There are no solutions to this equation -- the point is that for $d\ge 5$ the term $1+N(d,q)$ is (much) larger than $q^{d+1}$, while for $d=2$, $3$ or $4$ we get a polynomial equation whose solutions are easily determined. To see this, first note that
$$
\binom{d}{k}_q =\frac{(1-q^d)(1-q^{d-1})\cdots (1-q^{d-k+1})}{(1-q)(1-q^2)\cdots(1-q^k)} = \frac{(q^d-1)}{(q^k-1)}\frac{(q^{d-1}-1)}{(q^{k-1}-1)}\cdots \frac{(q^{d-k+1}-1)}{(q-1)},
$$
and since $(x-1)/(y-1) \ge x/y$ if $x \ge y >1$, it follows that
$$
\binom{d}{k}_q \ge \frac{q^d}{q^k} \frac{q^{d-1}}{q^{k-1}}\cdots \frac{q^{d-k+1}}{q} = q^{k(d-k)}.
$$
Thus if $d\ge 5$, then
$$
N(d,q) \ge \binom{d}{2}_q \ge q^{2(d-2)} \ge q^{d+1},
$$
and there are no solutions to the given equation. (In fact, much more is known about $\binom{d}{k}_q$ -- namely this is a polynomial in $q$ of degree $k(d-k)$ with leading coefficient $1$, and with all other coefficients being non-negative integers. See for example Amritanshu Prasad's answer to the linked MO question Sum of Gaussian binomial coefficients. This gives an alternative proof that $\binom{d}{k}_q \ge q^{k(d-k)}$ for all non-negative $q$.)

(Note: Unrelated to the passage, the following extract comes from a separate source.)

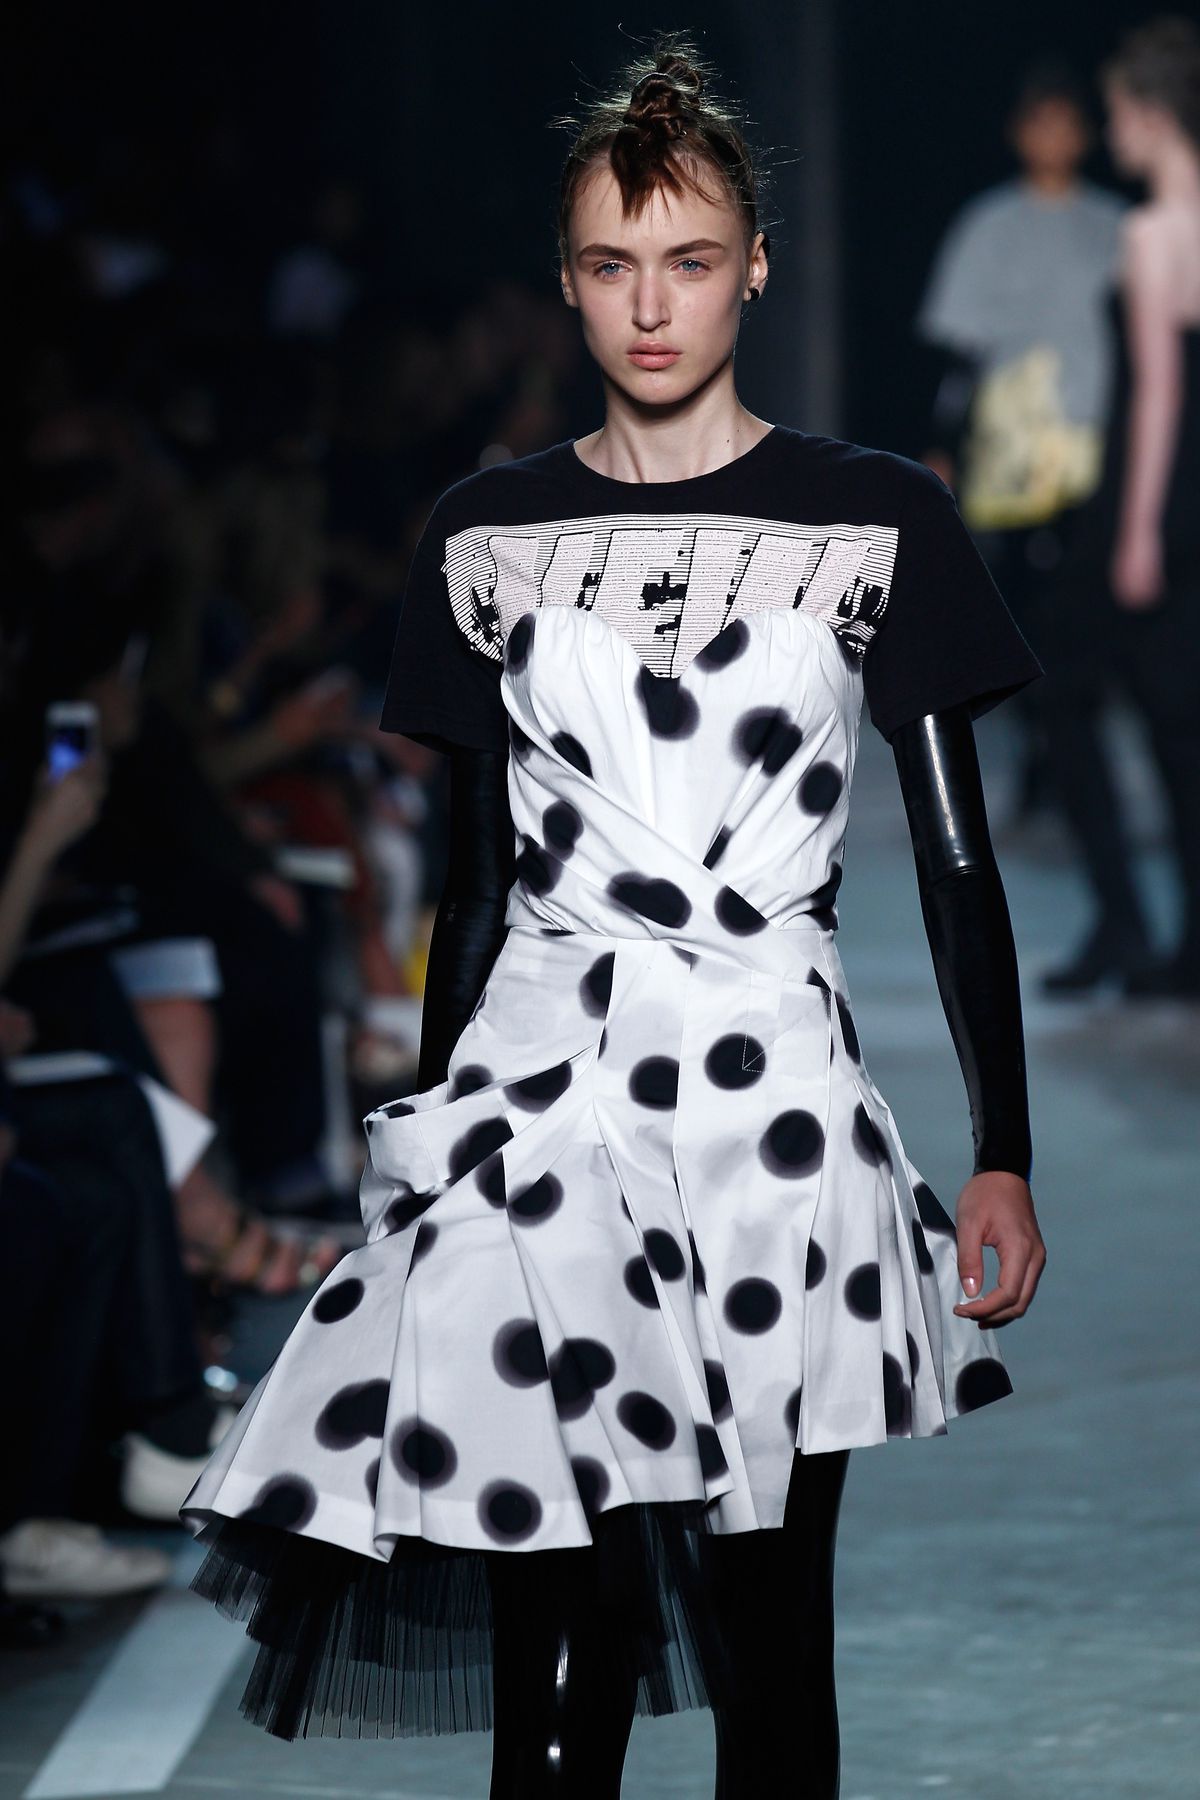 A model wears a latex bodysuit under a girly polka dot dress.
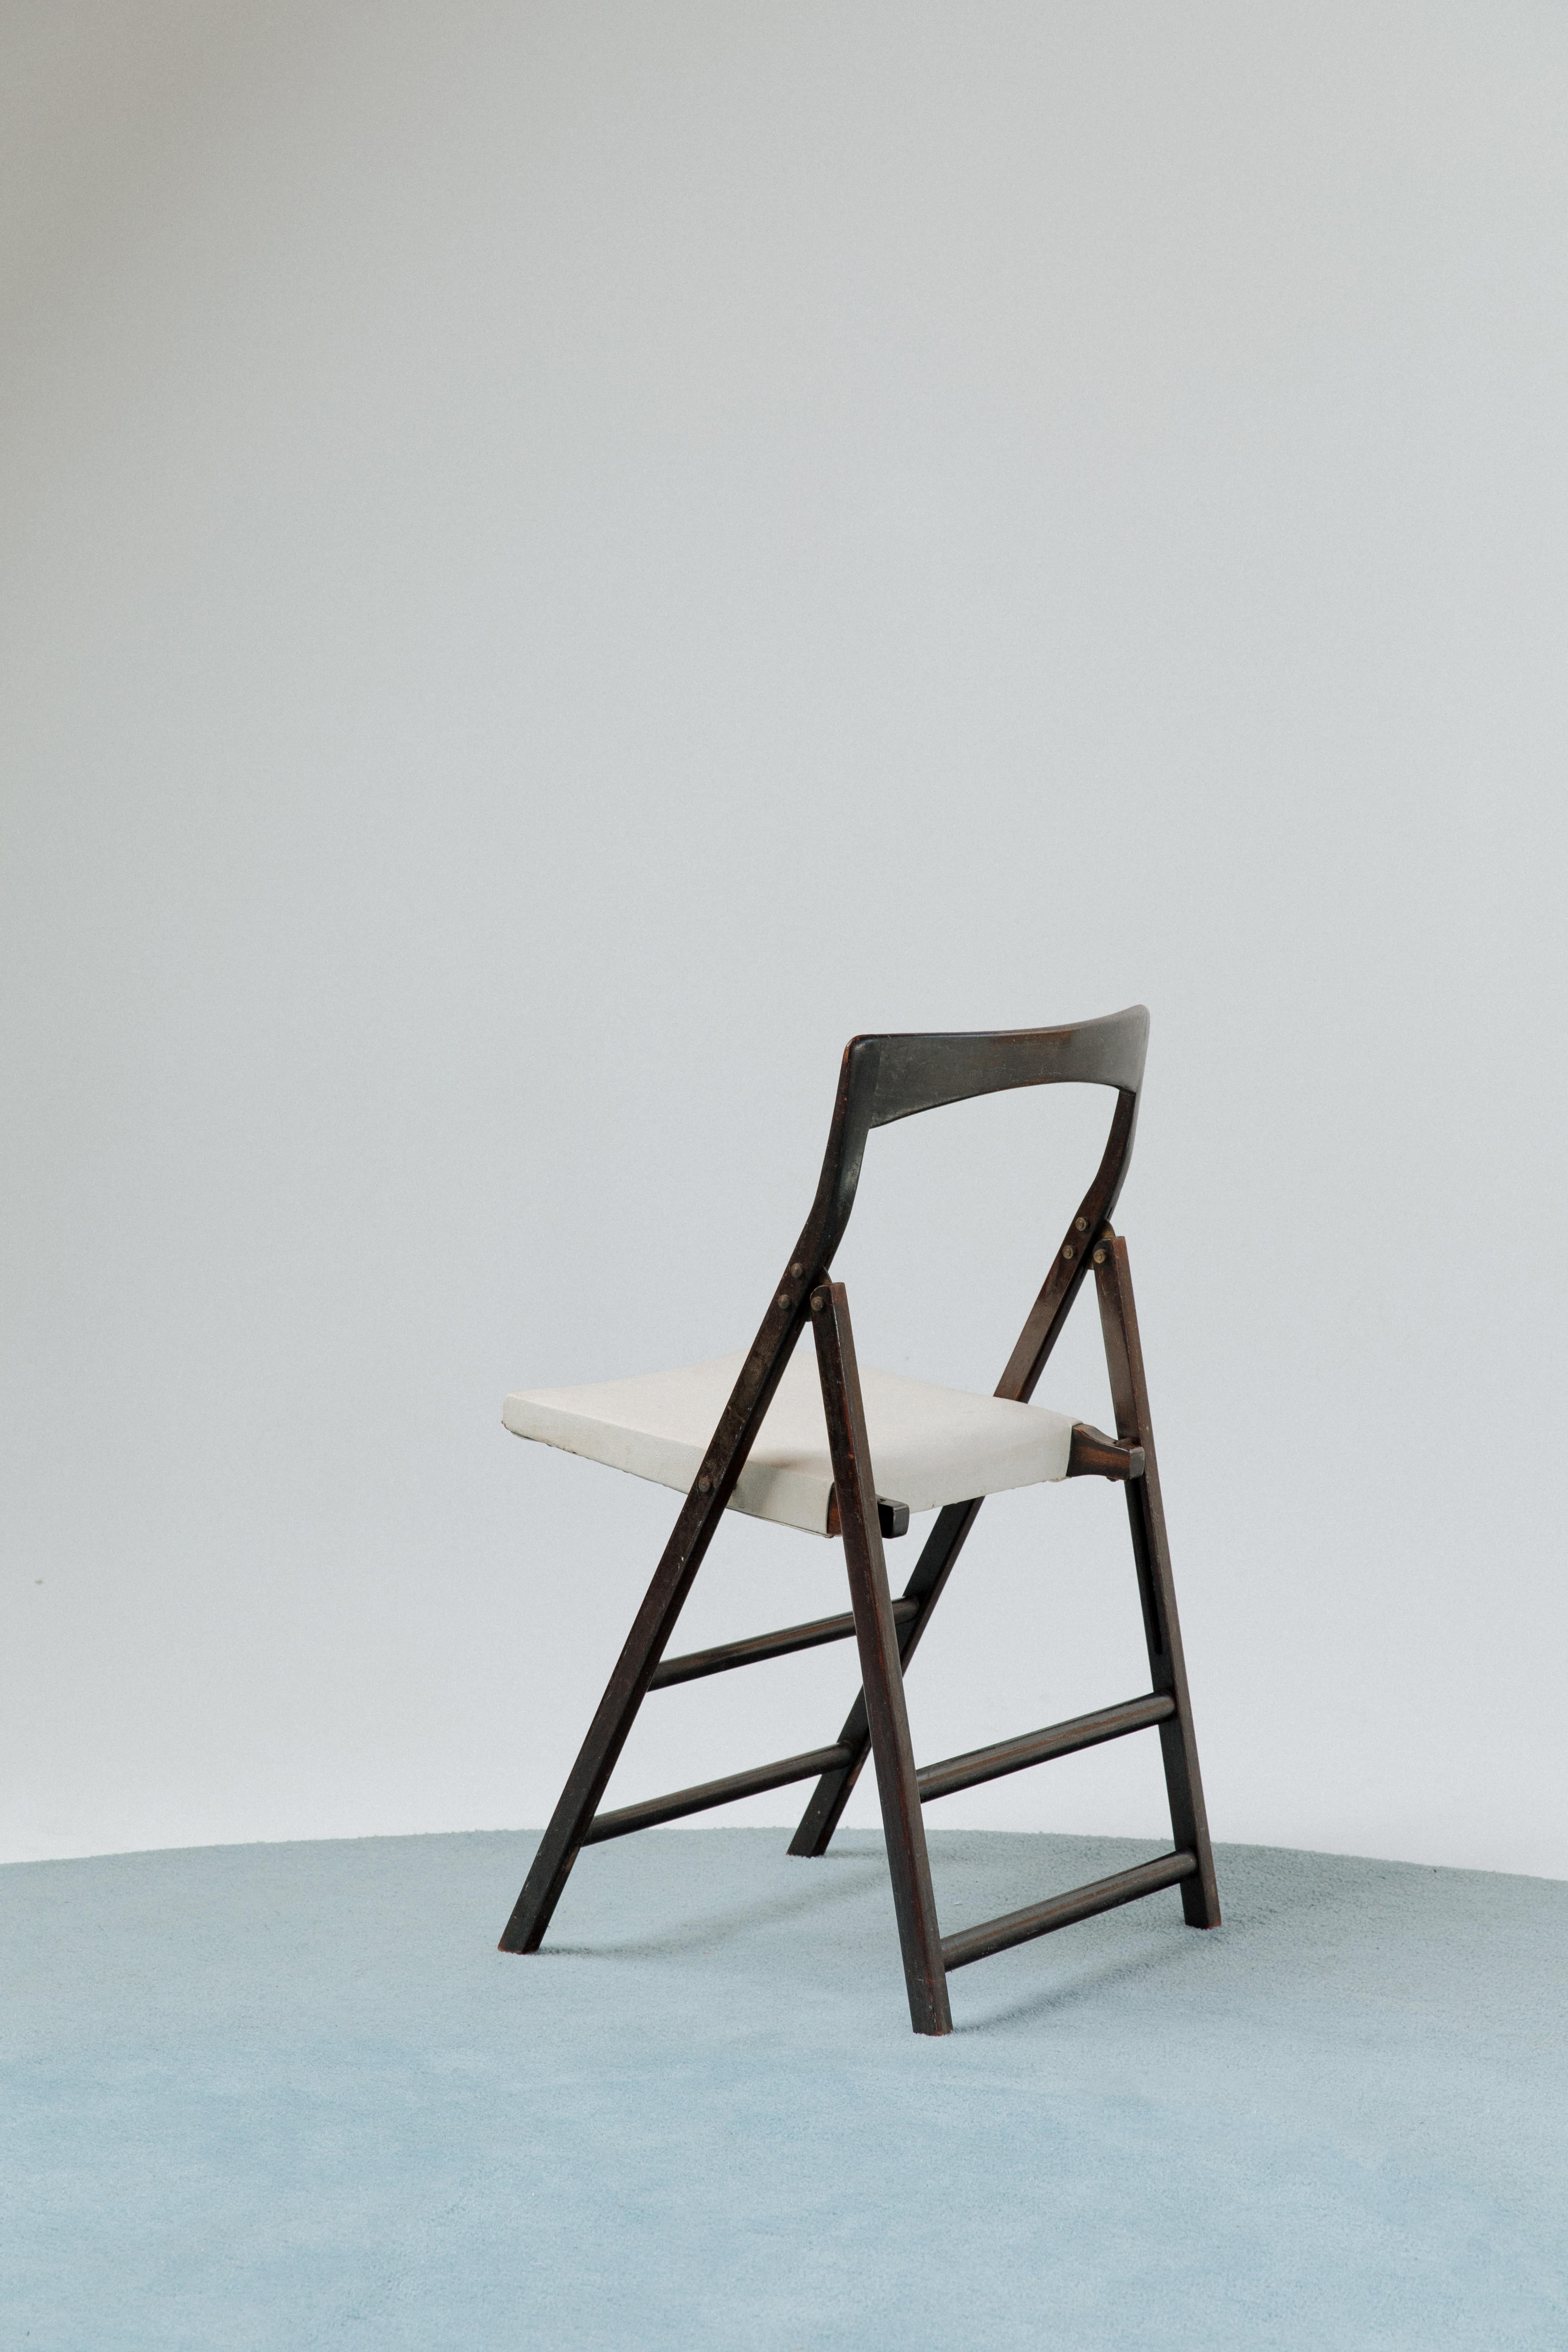 Brazilian Osvaldo Borsani s80 Folding Chairs For Sale

This leaves us with the cases $d=2$, $3$ and $4$. When $d=2$, we see that $N(2,q)= 3+q$ and for all prime powers $q$ we see that $1+N(2,q) < q^3$. If $d=3$ then $N(3,q)=2+2(1+q+q^2)$ so that the equation is $5+2(q+q^2)=q^4$ which can readily be checked to have no prime power solutions. Finally if $d=4$ then $N(4,q) = 2+2(1+q+q^2+q^3)+(1+q^2)(1+q+q^2) = q^4+3q^3+4q^2+3q+5$, and the equation is
$$
q^4+3q^3+4q^2+3q+6=q^5,
$$
which once again doesn't have any prime solutions (just need to check $q=2$ and $3$).